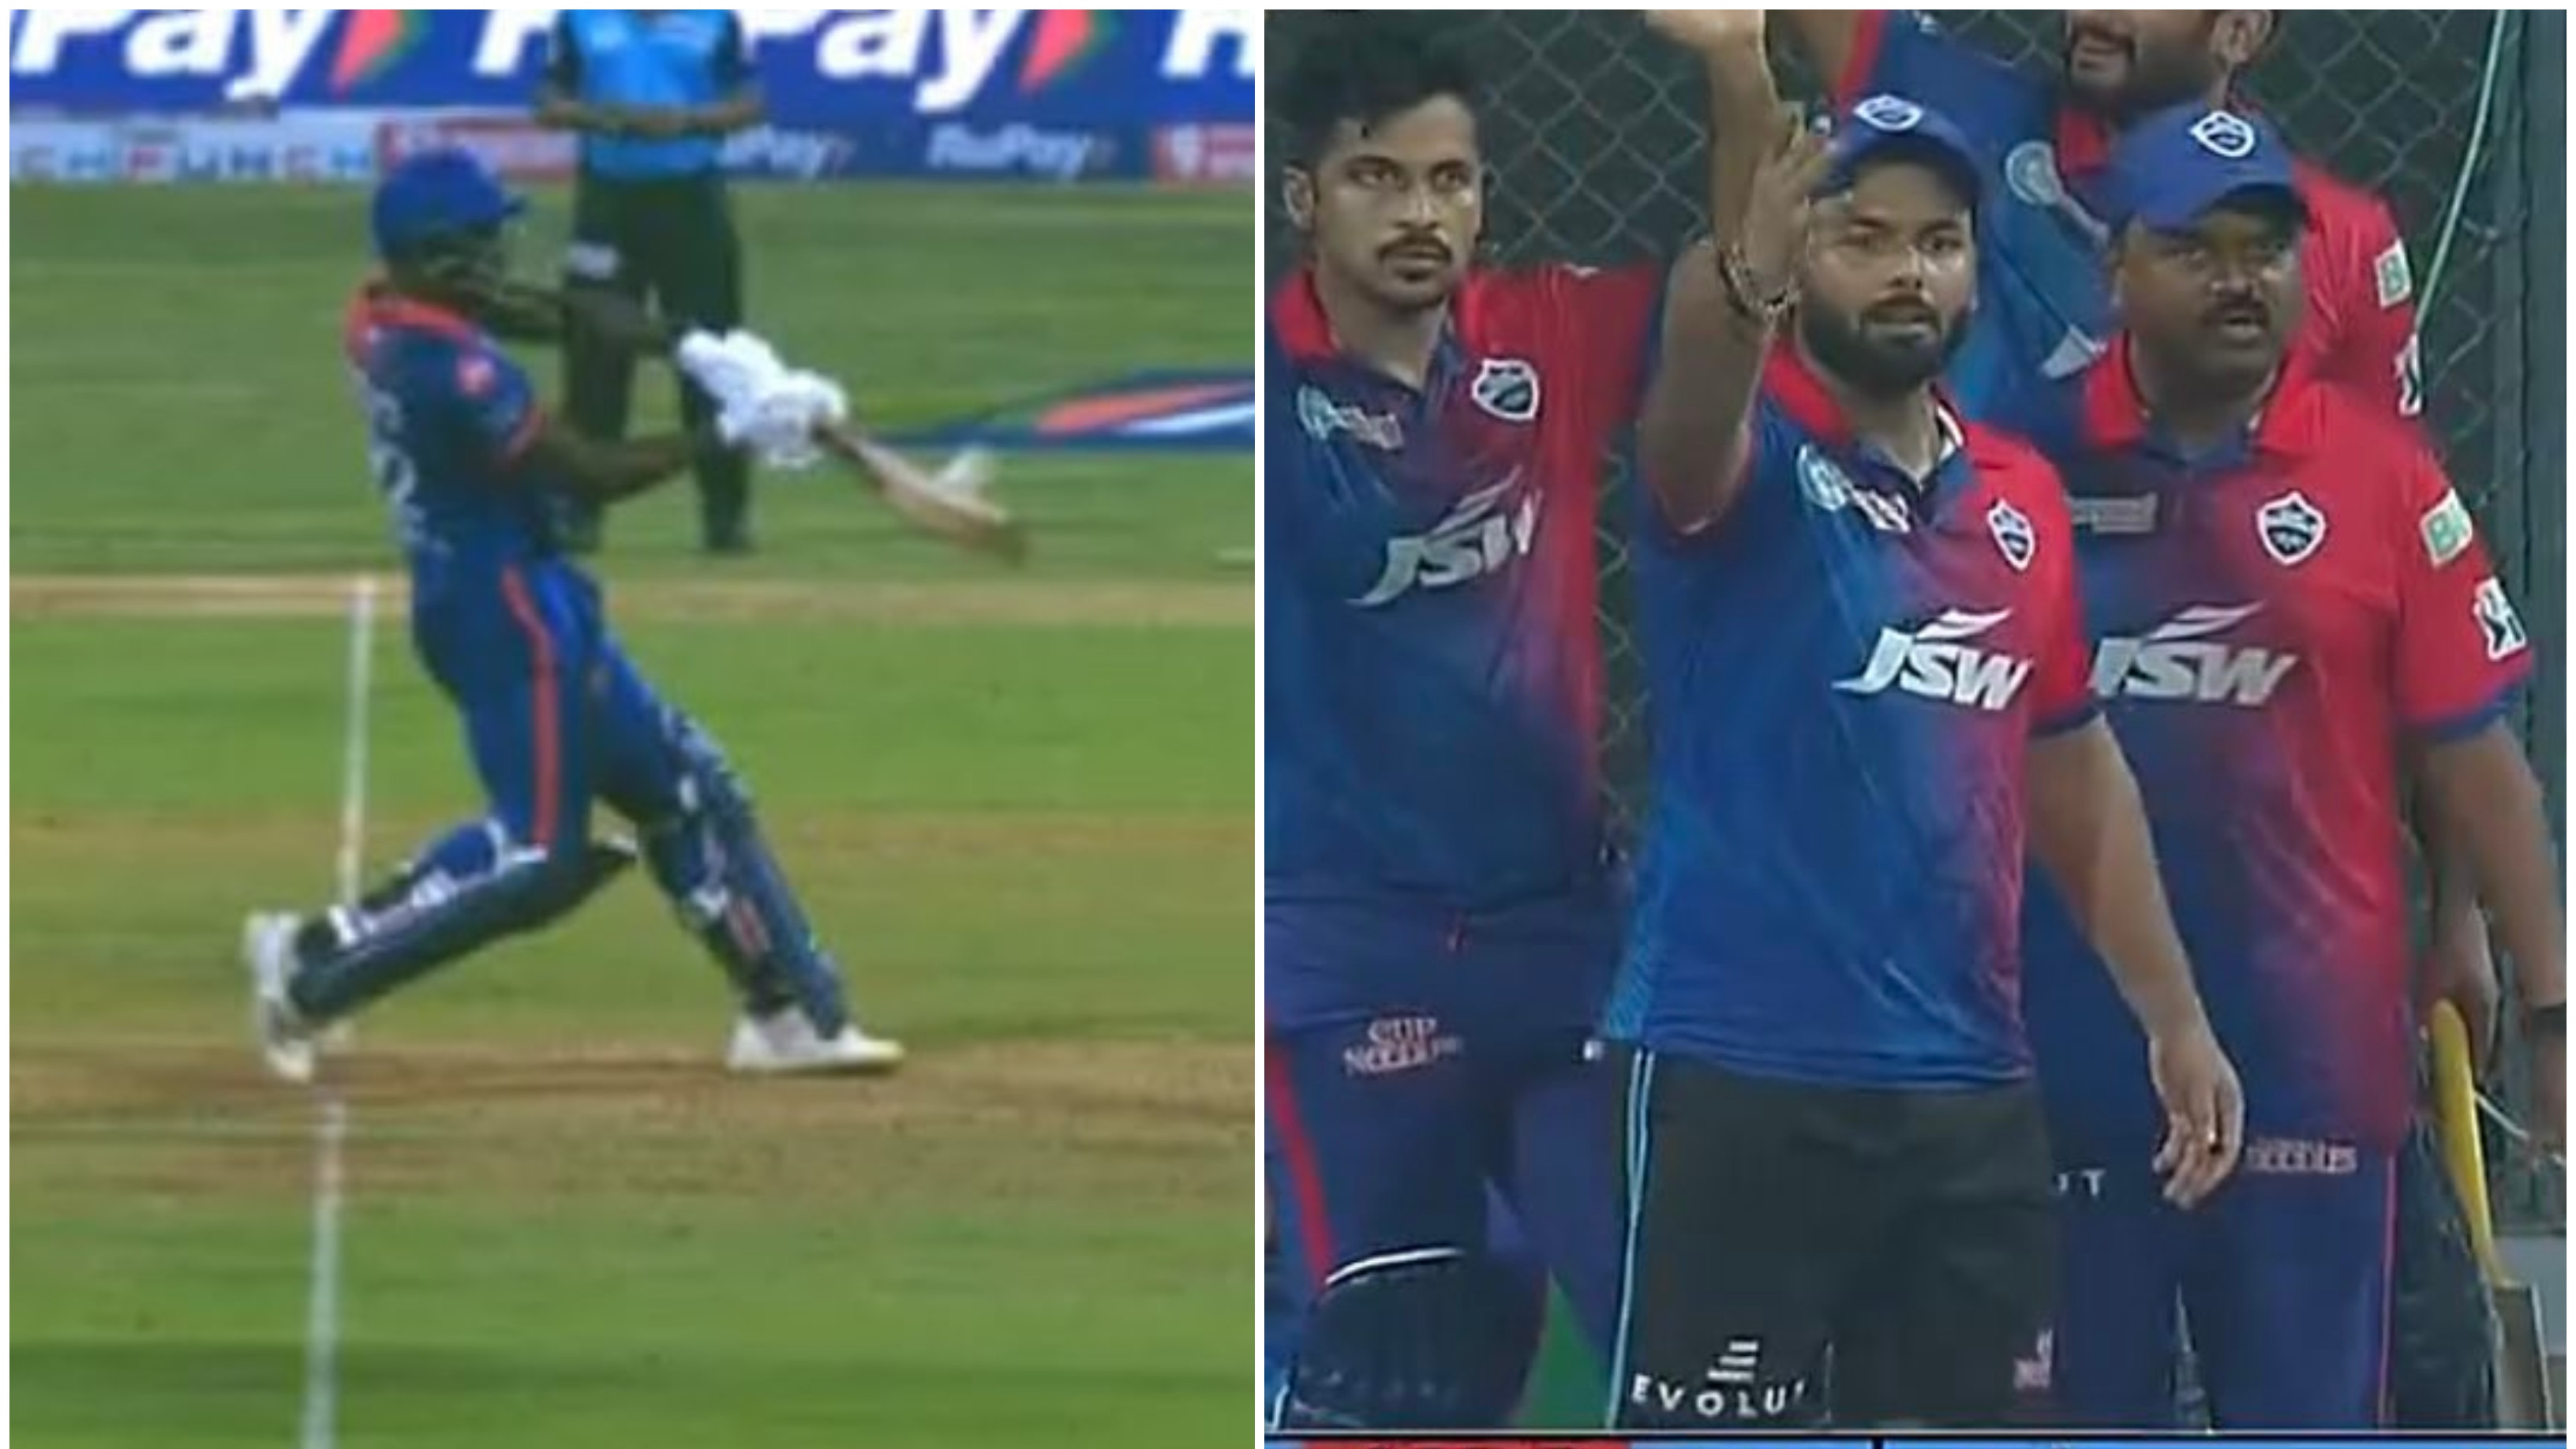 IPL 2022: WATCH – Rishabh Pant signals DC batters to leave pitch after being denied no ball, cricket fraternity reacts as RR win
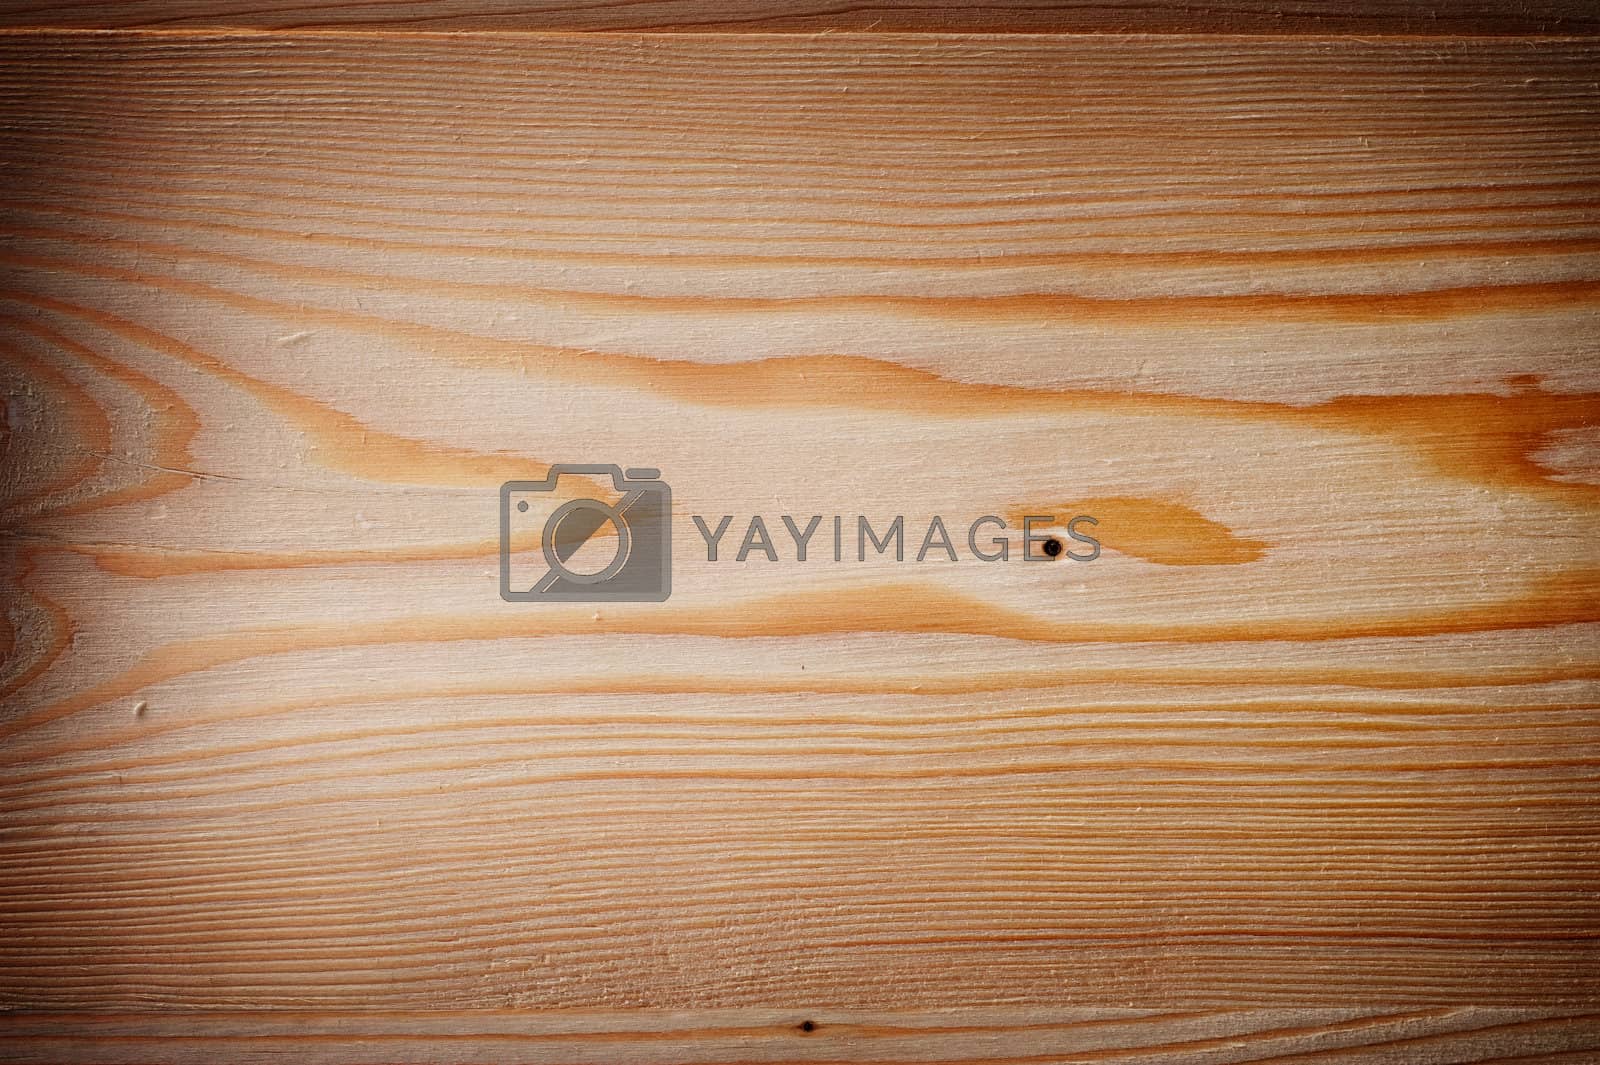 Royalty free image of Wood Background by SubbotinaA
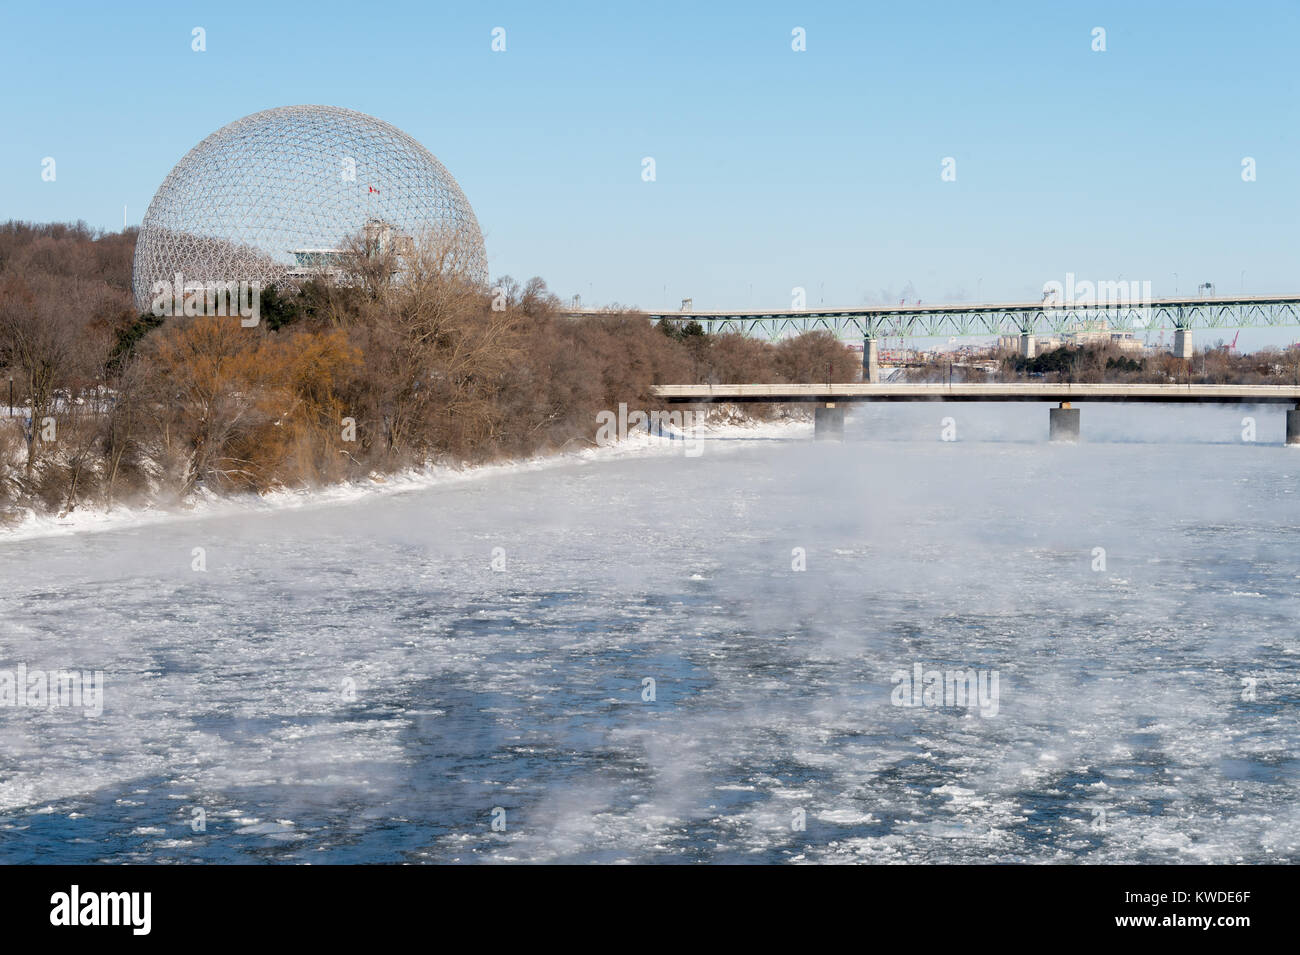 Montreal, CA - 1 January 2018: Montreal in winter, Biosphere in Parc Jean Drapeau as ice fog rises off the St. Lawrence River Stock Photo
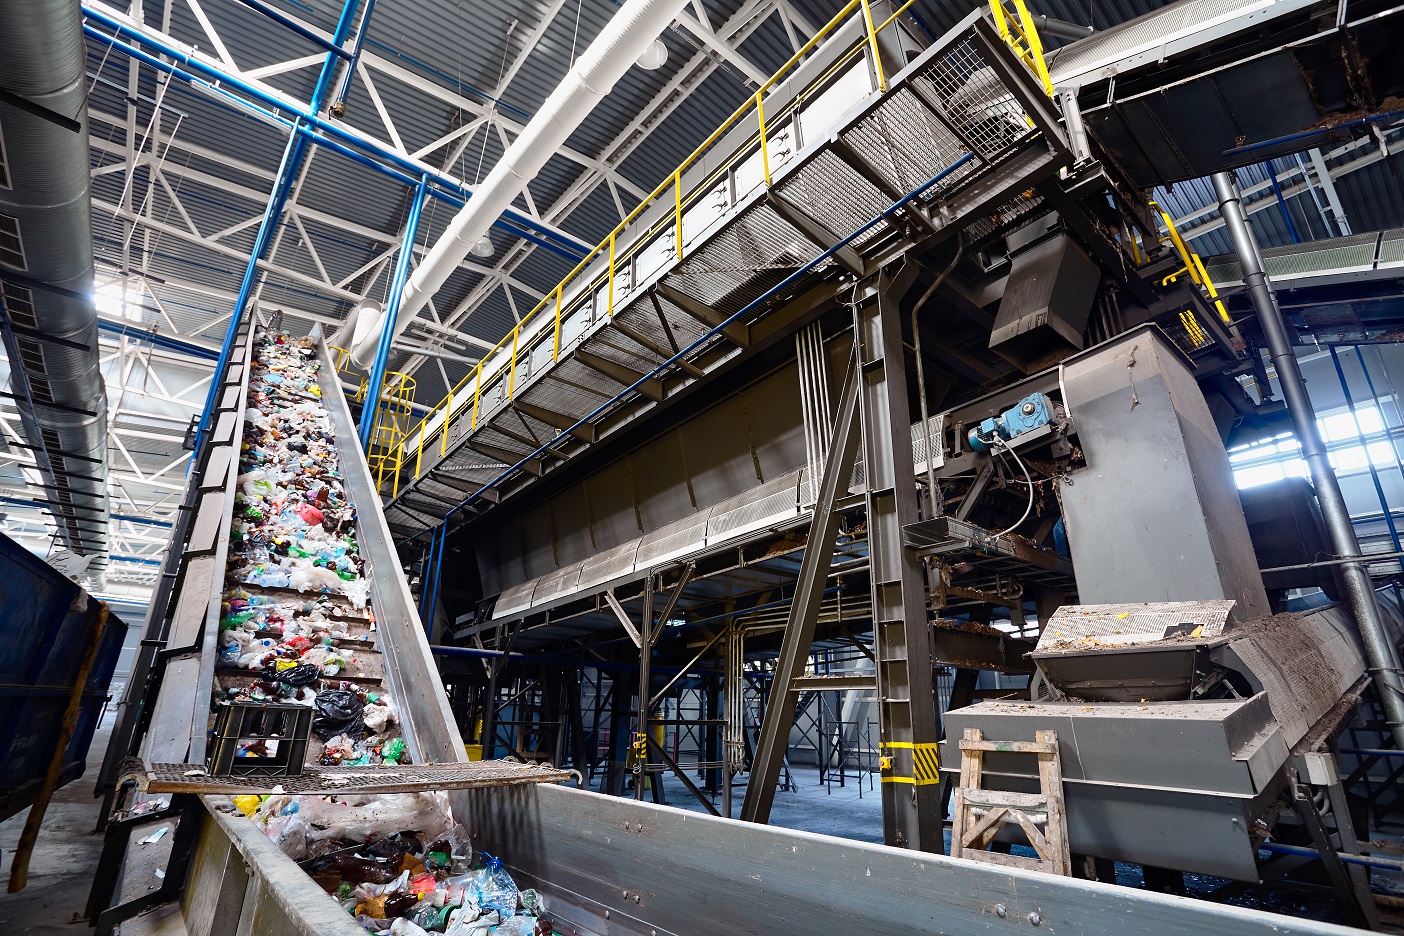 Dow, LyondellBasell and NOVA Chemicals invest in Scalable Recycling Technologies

(PROBLEM STATEMENT)
None of the pictures should appear, though every line of the data above must be reproduced exactly.

(EXERCISE OUTPUT)
 IPL 2022: WATCH – Rishabh Pant signals DC batters to leave pitch after being denied no ball, cricket fraternity reacts as RR win
 Royalty free image of Wood Background by SubbotinaA
 Montreal, CA - 1 January 2018: Montreal in winter, Biosphere in Parc Jean Drapeau as ice fog rises off the St. Lawrence River Stock Photo
 Dow, LyondellBasell and NOVA Chemicals invest in Scalable Recycling Technologies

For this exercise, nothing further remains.